At the onset of Operation Desert Storm a CBS News military consultant, in describing the initial tactics of the allied air assault, spoke of the need to “draw an electronic curtain around Iraq.” His point was telling: the most important priority at the onset of battle was to destroy the

communications infrastructure that enabled Iraq’s armed forces to command and control. 20 years later, an electronic curtain that frustrates the ability of the peoples of the world to connect with information and connect with each other is potentially even more destructive than the Iron Curtain of a previous generation. It takes away the peoples’ ability to command and control their lives.

Alec Ross, Clinton’s Senior Adviser for Innovation, says, “If Paul Revere had been a modern day citizen, he wouldn’t have ridden down Main Street. He would have tweeted.” Denying the people of the world the ability to connect is akin to robbing Paul Revere of his horse and soundproofing the homes of the people he passed on Main Street.

The village square has become a virtual meeting place. It is time for the world to recognize that all are welcome to gather there.

Jerry Edling is an editor, producer and writer at KNX, the CBS Radio all-news station in Los Angeles. He has been nominated for three Writers Guild Awards, three Emmy Awards and a Mark Twain Award for his work in radio and television. Jerry is also a candidate for Master of Public Diplomacy at the University of Southern California and a student in Matt Armstrong’s Public Diplomacy Course at USC.

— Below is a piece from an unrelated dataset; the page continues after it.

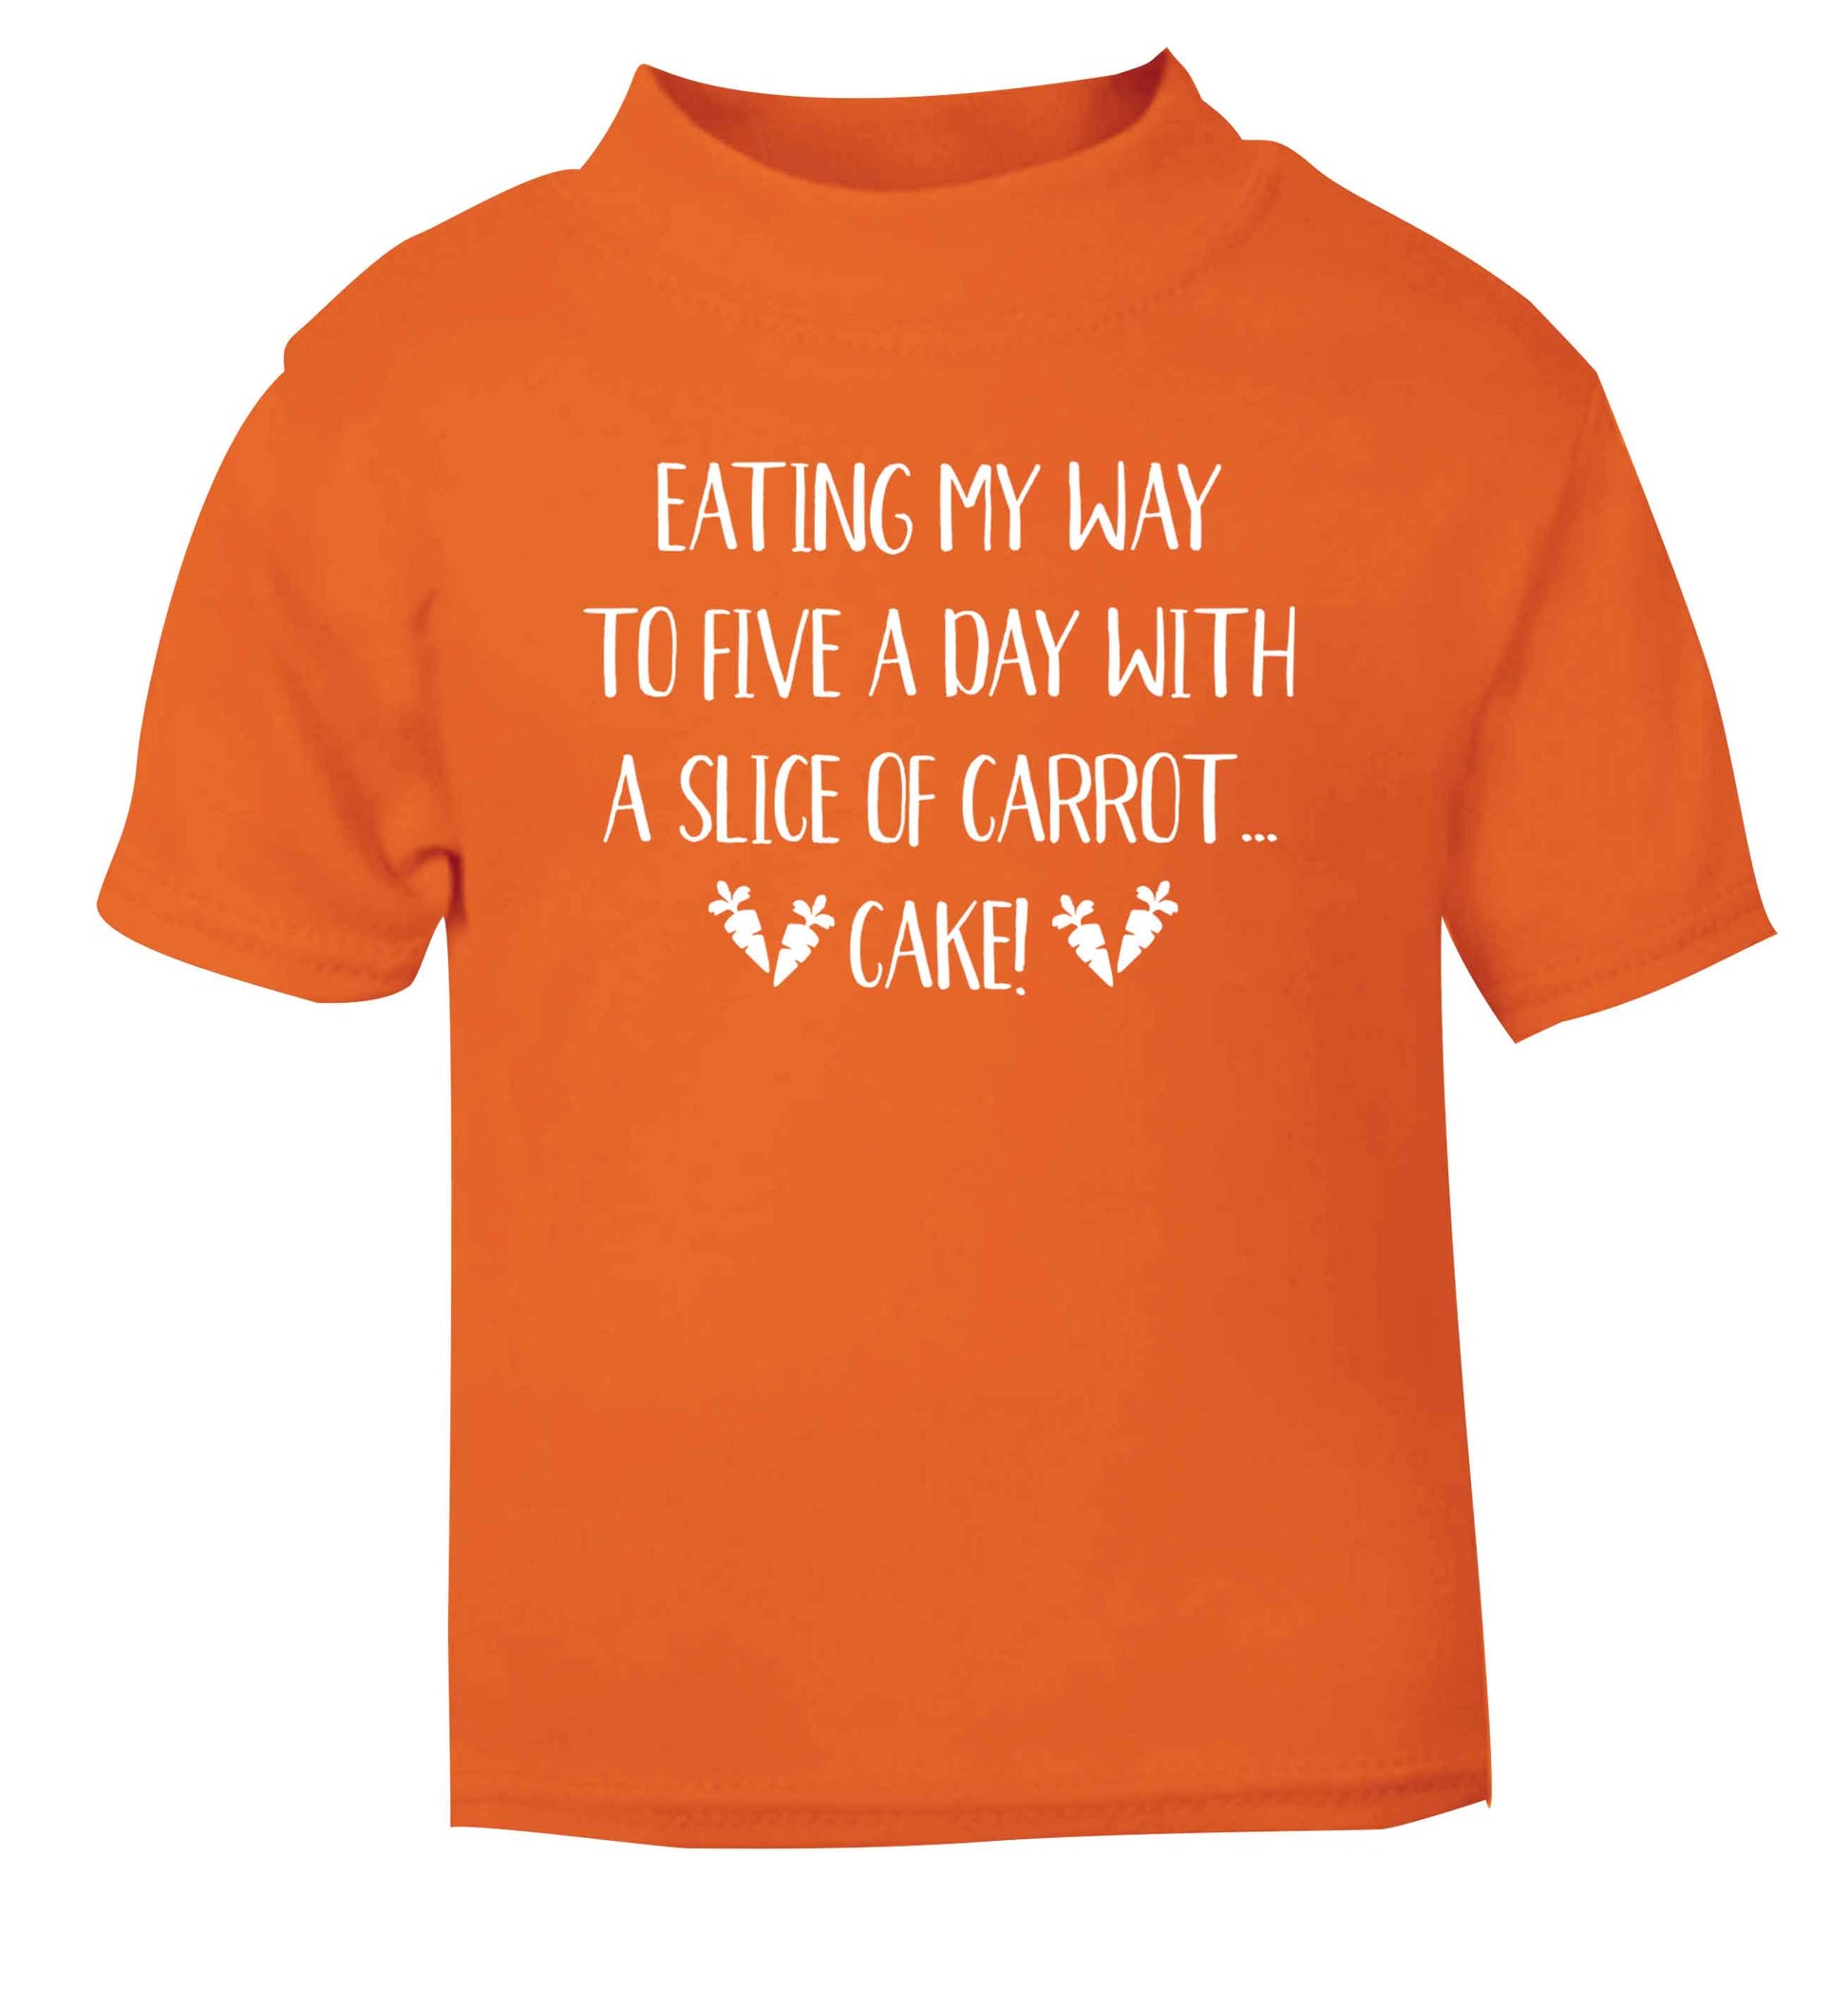 Eating my way to five a day with a slice of carrot cake day orange Baby Toddler Tshirt 2 Years

Guests posts are the opinions of the respective authors and do not necessarily reflect the opinion of MountainRunner.us. They are published here to further the discourse on America’s global engagement.

3 thoughts on “Freedom to Connect

  1. For my part I’m pleased to read an argument that addresses a “communication revolution” rather than an information revolution — and a writer who distinguishes clearly between the social process of communication and the technical process of information control and delivery. It’s also refreshing to see the term “media” used in the plural of “medium” as a reference to the means through which we communicate with one another rather than the mainstream singular “the media” as the entity that communicates at the public.

  2. The author’s premise is sound, and is reflected in the new and very loud calls by the Obama administration and US State Department for unfettered Internet and communication access worldwide. As were fax and photocopy machines behind the Iron Curtain during the Cold War, social media will be a transformative factor in the undermining of oppressive regimes and the exposure of nefarious government activities everywhere.